Using databases to add data#

Within OpenGHG so far, we have been using the provided standardisation functions for known input file formats (source formats) to populate the object store ([see here and here] - add links to previous tutorial pages). OpenGHG also provides functionality to create data from underlying databases and add this to the object store as well. At present, this has been implemented for the EDGAR global anthropogenic database to allow flux / emissions files to be created on a regional domain.

0. Using the tutorial object store#

To avoid adding the example data we use in this tutorial to your normal object store, we need to tell OpenGHG to use a separate sandboxed object store that we’ll call the tutorial store. To do this we use the use_tutorial_store function from openghg.tutorial. This sets the OPENGHG_TUT_STORE environment variable for this session and won’t affect your use of OpenGHG outside of this tutorial.

from openghg.tutorial import use_tutorial_store


1. Creating emissions from the EDGAR database#

To create emissions maps from an underlying database, we can use the transform_flux_data(...) function in the openghg.transform module.

from openghg.transform import transform_flux_data

transform_flux_data(datapath, database, ...)  # Additional keywords

This function expects the path, the name of the database as well as keyword inputs which will be determined by the underlying function being accessed. To use this for the global EDGAR database, currently, this must be locally available and a link provided to the folder path (datapath input). The database input must also be specified as "edgar".

We will need to provide inputs for species and for our domain (area) of interest. A flux map of the correct format will then be created and added to the openghg object store with the associated keywords.

In the background, this will call the openghg.transform.flux.parse_edgar function and we can look at this function for details of what keywords we need to provide:

  • date - the year to process from the database (as a string)

  • species - the species name

  • domain / lat_out / lon_out

    • To describe the regional domain a keyword can be passed for pre-determined domains OR a new set of lat-lon arrays.

  • edgar_version - specify this if this cannot be extracted from the database provided

Checker function for seeing which pre-existing domains are present will be added soon.

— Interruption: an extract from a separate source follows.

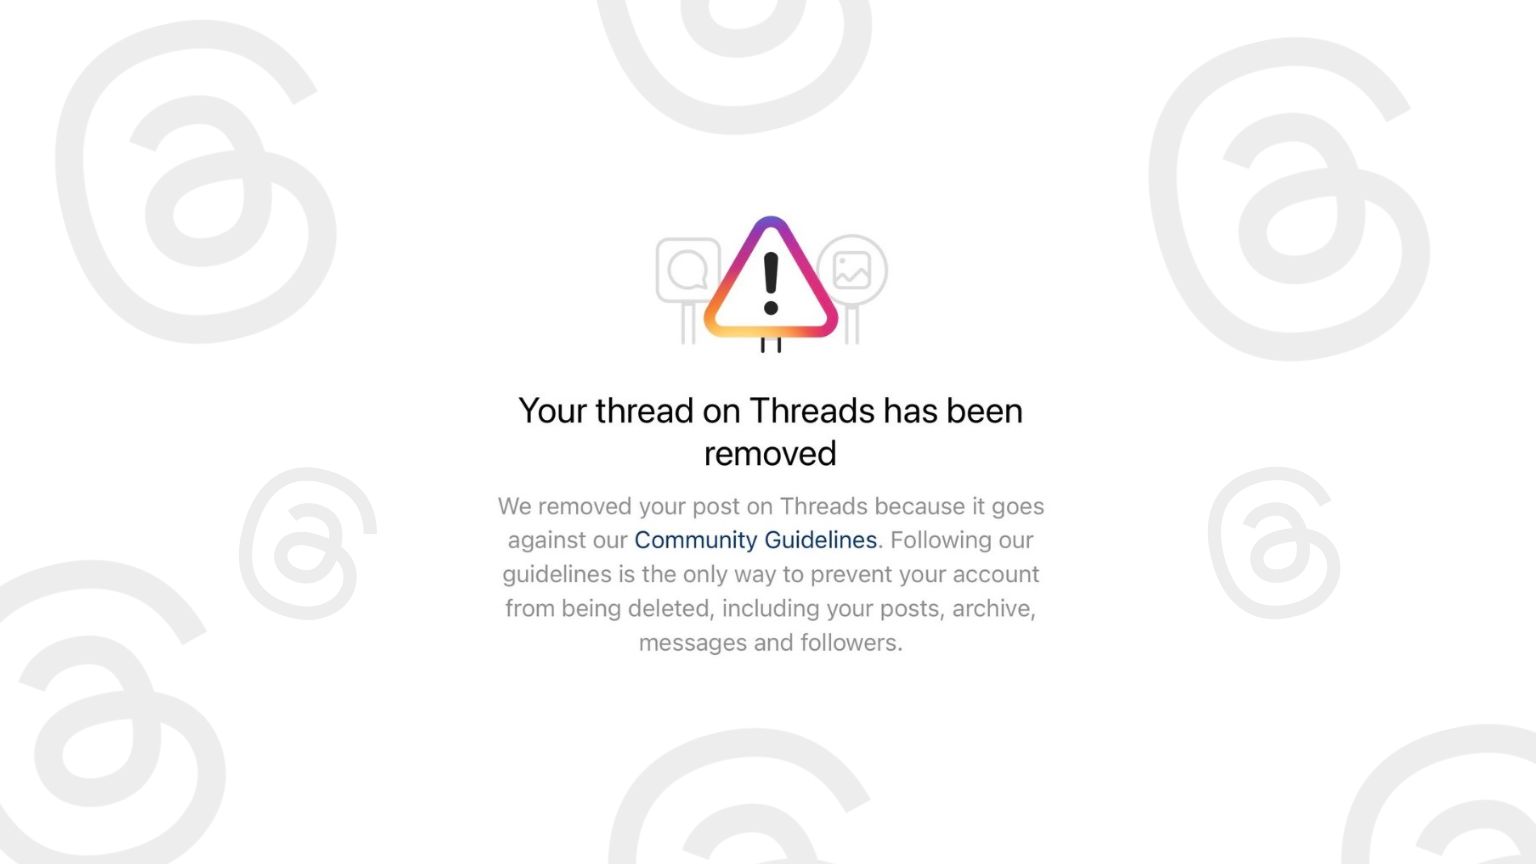 Meta’s New Threads App is Censoring From Day One

Note: for creating new domains this currently relies on the xesmf package which is better installed in a conda environment than using pip. Please see details in install instructions around this.

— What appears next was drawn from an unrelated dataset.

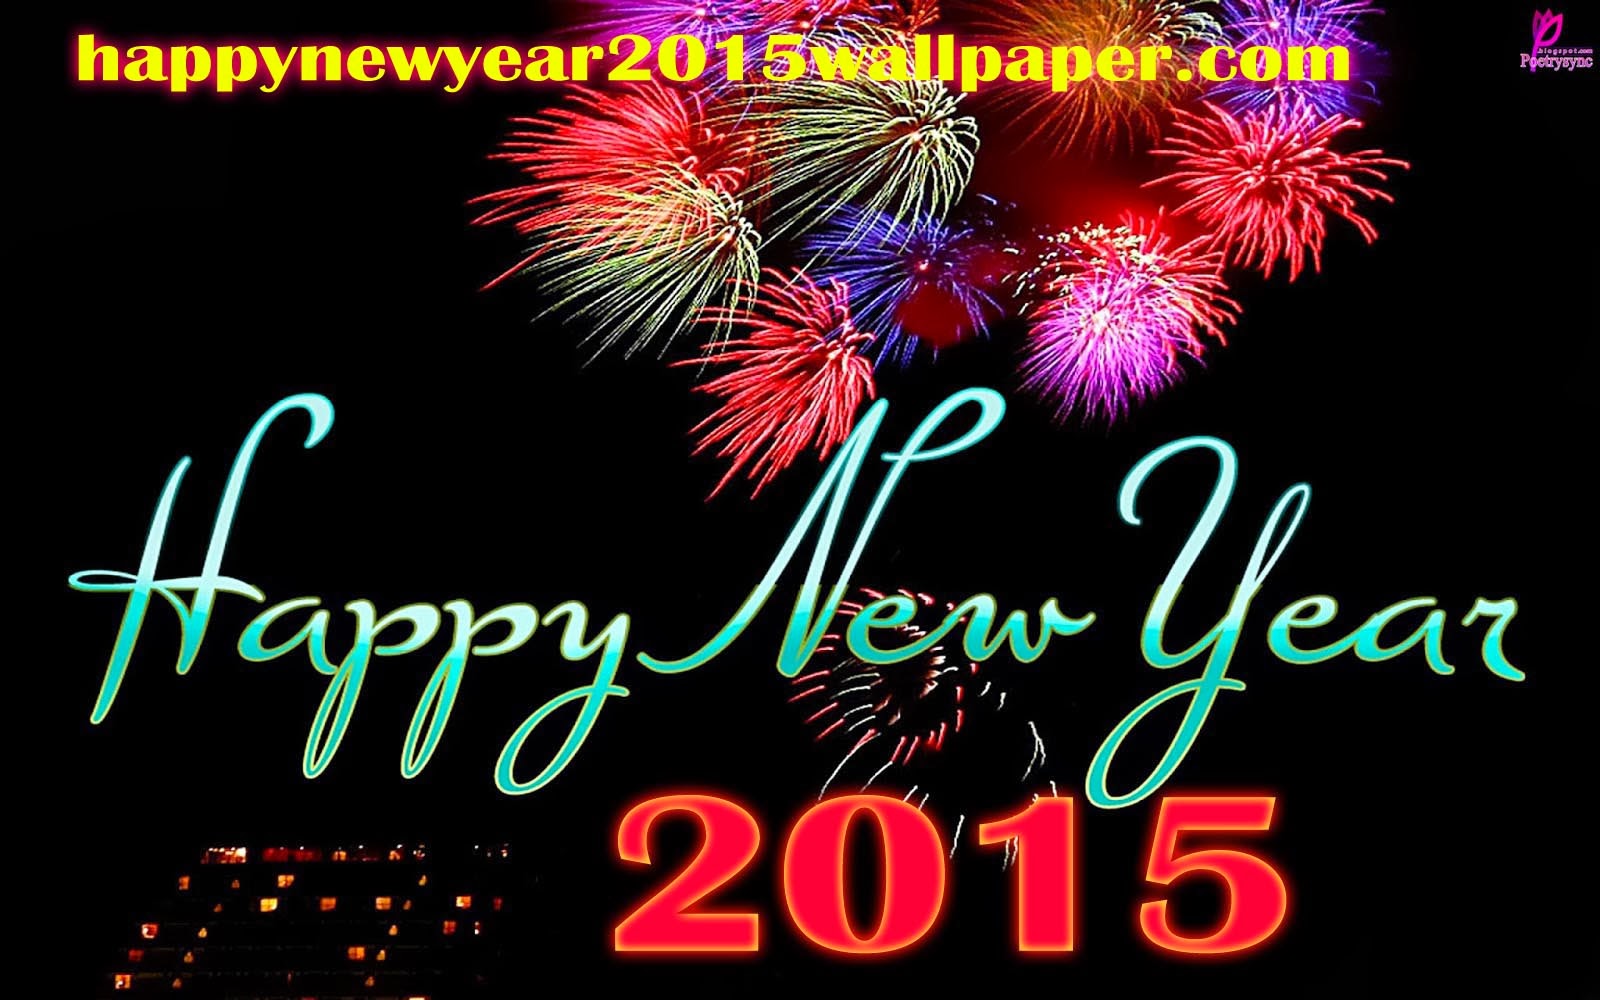 for happy new year 2015 wallpaper new year wishes wallpapers new year 1600x1000

We have provided an example of the EDGAR v6.0 database containing a limited subset of “CH4” data from 2014-2015 which can be downloaded for this tutorial.

from openghg.tutorial import download_edgar_data

edgar_datapath = download_edgar_data()

For example, this would create a new emissions map for methane, “ch4”, for the area over Europe, “EUROPE” domain for 2014. The edgar database provided is v6.0, annual, global and for methane.


Outside of this tutorial, if you have write access to multiple object stores you will need to pass the name of the object store you wish to write to to the store argument of the transform_data function.

from openghg.transform import transform_flux_data

database = "edgar"

transform_flux_data(datapath=edgar_datapath, database=database, date=2014, domain="EUROPE", species="ch4")

Note: this can take a few minutes to complete.

We can then check the data has been added to the object store.

from openghg.retrieve import search_flux

results = search_flux(database="edgar")


2. Adding new options#

Transformation workflow#

Within OpenGHG, there are multiple ways to add data to the object store. The most direct way is to use a standardisation functions already introduced which can be used to convert from an understood format (source_format) into the standardised openghg format and add this to the database. The other way is to use the tranformation workflow which extracts a subset / performs an operation to update the provided data and adds this to the object store.

In this way, the standardisation functions can be considered as a one-to-one mapping to be run only when the data is first added and when the data has been updated, whereas the transformation functions allow a one-to-many mapping where many different data products can be stored within the openghg object store depending on the inputs.

The main implementation for this at present, is in creating flux / emissions maps based on underlying inventories or databases but this can be expanded for use with any data type as appropriate.